Respiratory infections

Acute tonsillopharyngitis Laryngitis Epiglottitis (1) Epiglottitis (2) Acute tracheobronchitis Exacerbation of chronic bronchitis Exacerbation of
chronic bronchiectasis
Cystic Fibrosis (CF) Acquired Pneumonia Nosocomial pneumonia (1) Nosocomial pneumonia (2) Nosocomial pneumonia (3) Lung Pleural empyema Proteus Mirabilis

Acute tonsillopharyngitis

Case report:

A young mother brings her four year old son into practice and reported that for four days existed sore throat, high fever for two days, increasing dysphagia and significant loss of appetite. The pain had radiated from the throat to the ears, the mouth opening is very difficult and painful for 24 hours. There were still severe headache and a cloggy, mostly somewhat handicapped language with a strong subjective feeling of illness. The study of young patients results in a significant swelling and pain of the submandibular lymph nodes; Both tonsils and the environment including the pharyngeal wall are crimson and swollen and covered more than 50% with yellow-whitish deposits. A skin exanthema a endokarditisches heart murmur and splenomegaly are undetectable.


The variety and severity of symptoms point to a general disease of the organism with particular severity to the lymphoepithelial organs. However, there are also tonsillitis, in which only the local reaction is recognizable. The Tonsillarparenchym infiltrated with leukocytes (small abscess in the parenchyma and in the crypts). From such a "crypt abscesses" there is a spread of the infection through the epithelial Tonsillenparenchym (crypts parenchymal tonsillitis) and / or intrusion to kryptennahe capillaries (in batches or continuous Einschwemmung of toxins and pathogens in the circulatory system). In recurrent or chronic cases fibrosis and a downfall of Tonsillarparenchyms be induced.

Etiology and diagnosis:

B-hemolytic group A streptococci are the leading causative agent of pharyngitis and tonsillitis, especially in the presence of exudative tonsillitis. The incidence of streptococcal tonsillitis Pharyngo-correlated to age. For children under three years, pharyngitis is often viral. Rarer pathogens are staphylococci, pneumococci, Haemophilus influenzae and anaerobes. In an unclear clinical picture a streptococcal antigen detection should always be performed by means of smear as a rapid test. It should be noted that a purulent angina can also be caused by haemolytic streptococci groups B, C, or G. A pronounced granulocytosis speaks for strep throat, also the pressure pain of the regional lymph nodes.

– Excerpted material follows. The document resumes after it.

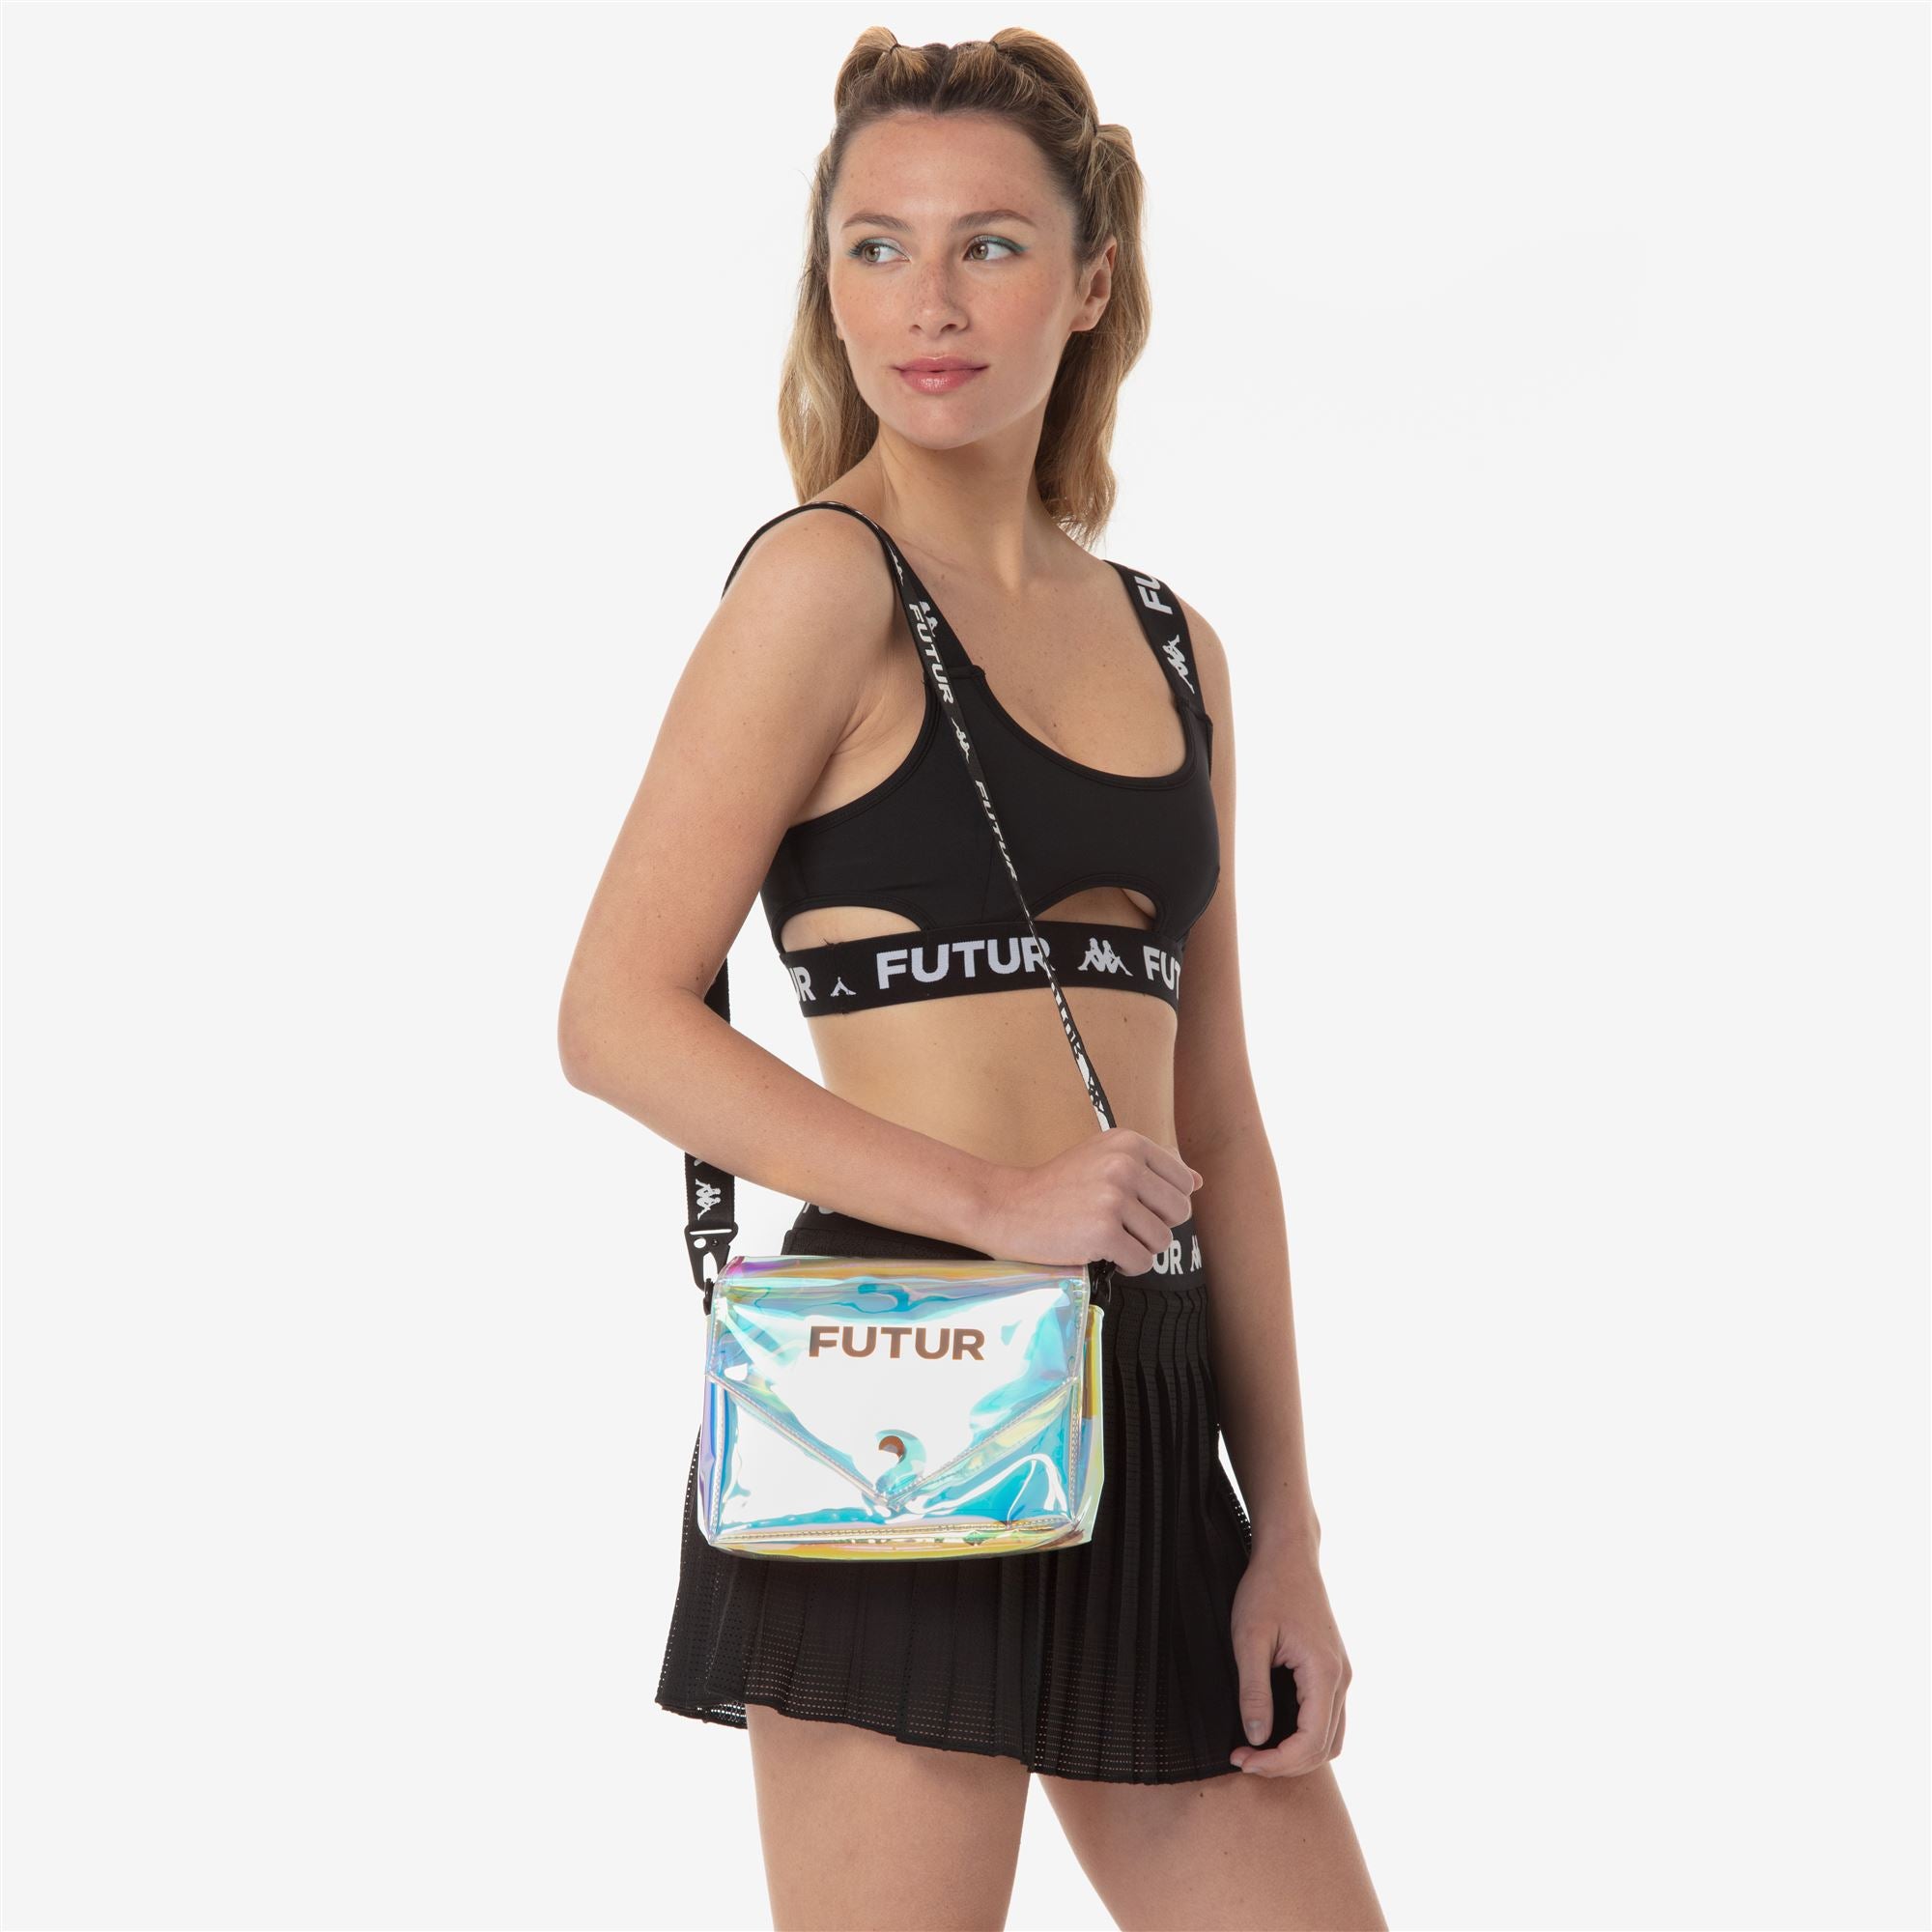 Bags Woman AUTHENTIC SHINE KFF Shoulder Bag IRIDESCENT - BLACK

Penicillin V (ISOCILLIN) initially remains the drug of choice for acute streptococcal tonsillopharyngitis with a treatment period of about ten days. This treatment time is necessary in order to prevent complications, in particular rheumatic fever. Substances such as cotrimoxazole (EUSAPRIM), quinolones and doxycycline (VIBRAMYCIN among others) are not indicated in the streptococcal tonsillopharyngitis. A sole local treatment with antibiotics or disinfectants is ineffective and does not prevent the unavoidable streptococcal sequelae. When penicillin allergy may macrolide antibiotics, for example, Azithromycin (ZITROMAX) or oral cephalosporins, such as Cefuroxime (ELOBACT et al) (Cave: Parallel allergies in 3-5%) can be administered.